Mercy celebrates 125 years in the Ozarks

Wednesday, January 20, 2016

Flag presentations to be held Thursday

In 1891, the Mercy Hospital system was born when the Sisters of Mercy responded to a plea for help in the Ozarks.

Thereafter, three Sisters traveled from St. Louis to Springfield and proceeded to turn an eight-room house into the town's first hospital.

Over the next 125 years, their ministry set out to touch lives in not just one, but several communities spanning southwest Missouri and northwest Arkansas. That system, now called Mercy Springfield Communities, has grown exponentially and now includes six hospitals, three specialty hospitals, nearly 700 doctors, about 10,000 employees and numerous clinic locations.
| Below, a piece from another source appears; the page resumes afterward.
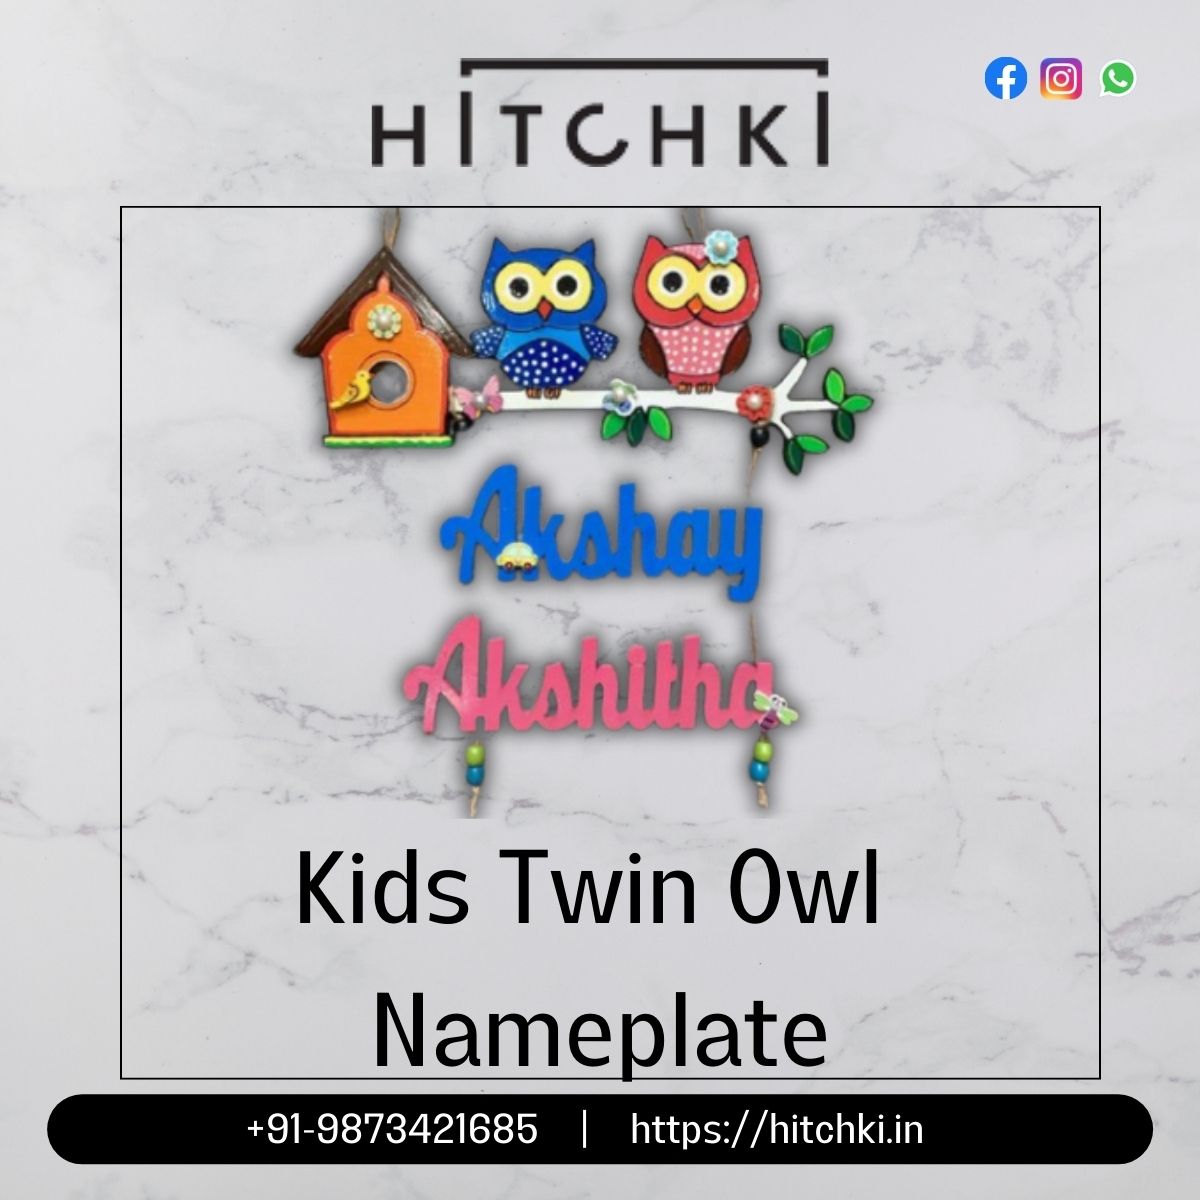 Kids Nameplates Collection Explore hitchki.in

Though the hospital system is much larger, its mission still remains the same according to current leadership -- to bring to life the healing ministry of Jesus.
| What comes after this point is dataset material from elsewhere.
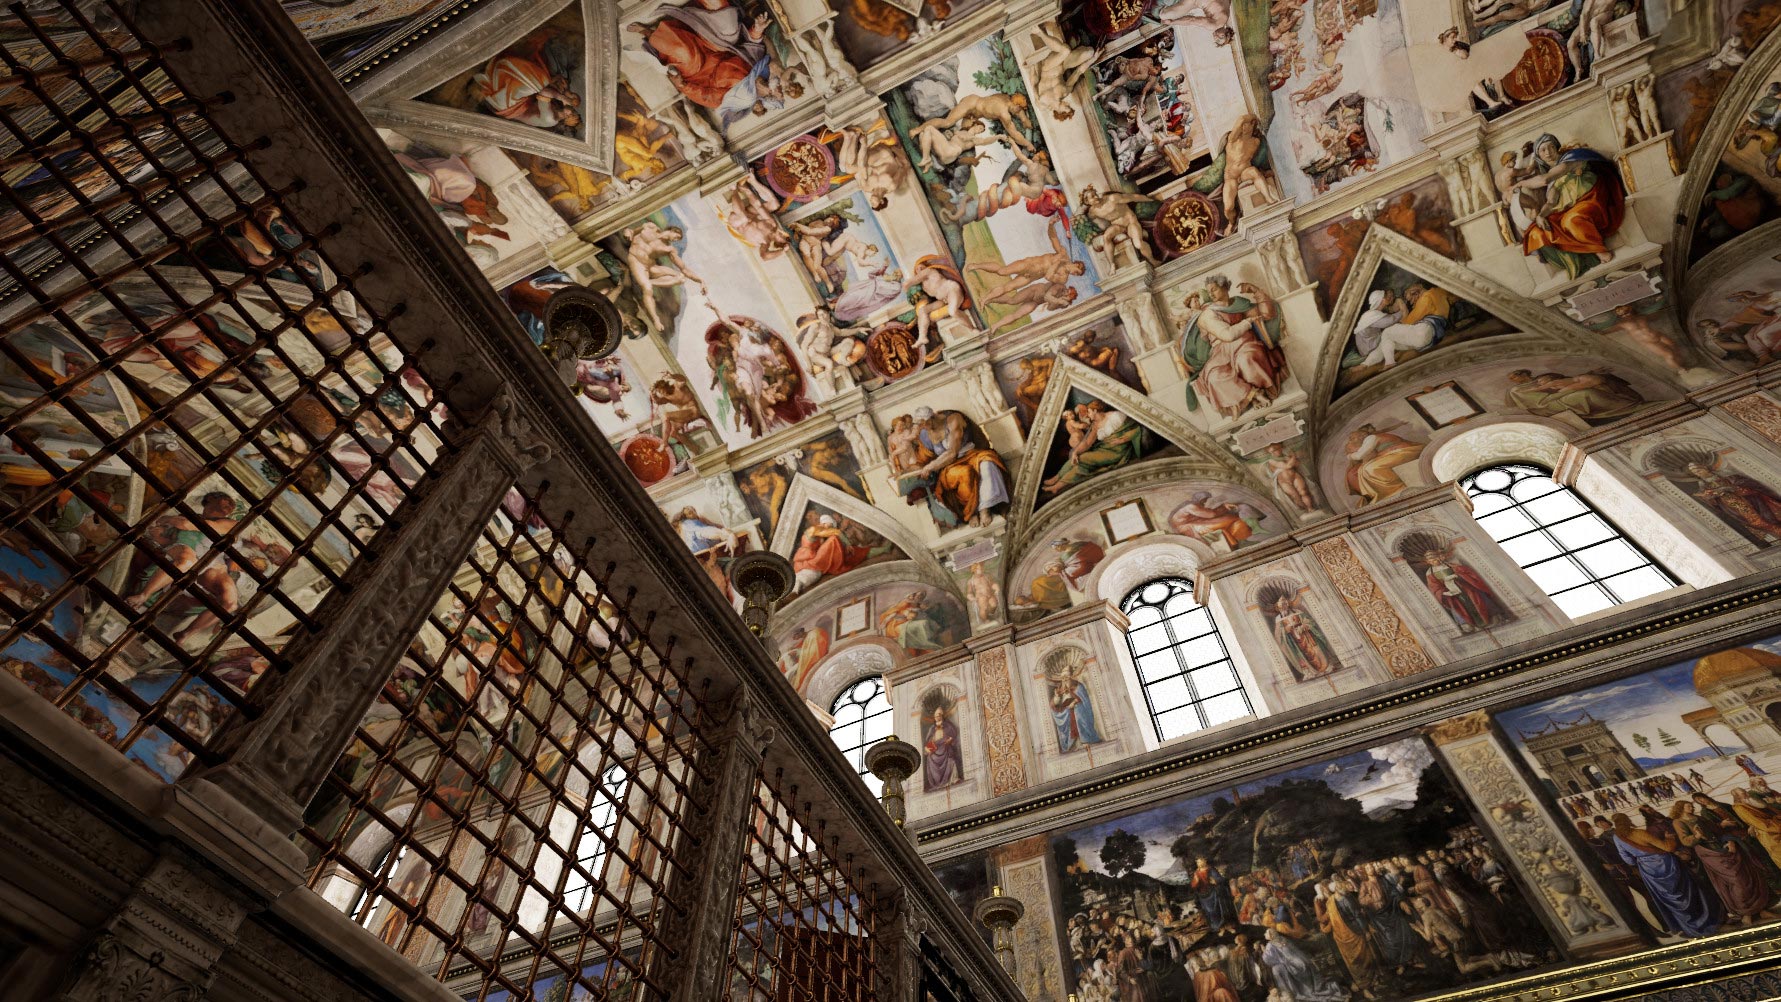 Vr Recreation Of The Sistine Chapel Is Now Available On

"The foundation put in place by the sisters remains solid," said Doug Stroemel, administrator of Mercy Hospital Aurora and Mercy Hospital Cassville. "At every turn, we're improving the technology and services we provide so we can reach more people than ever before."

To celebrate Mercy's 125th year of service in the Ozarks, the hospital will host two special flag presentation ceremonies Thursday. The first is at 11 a.m. at Mercy Hospital Aurora, located at 500 S. Porter Ave, in the Carol Morris Conference Room. The second is at 3 p.m. at Mercy Hospital Cassville, located at 94 Main St., in Conference Room C.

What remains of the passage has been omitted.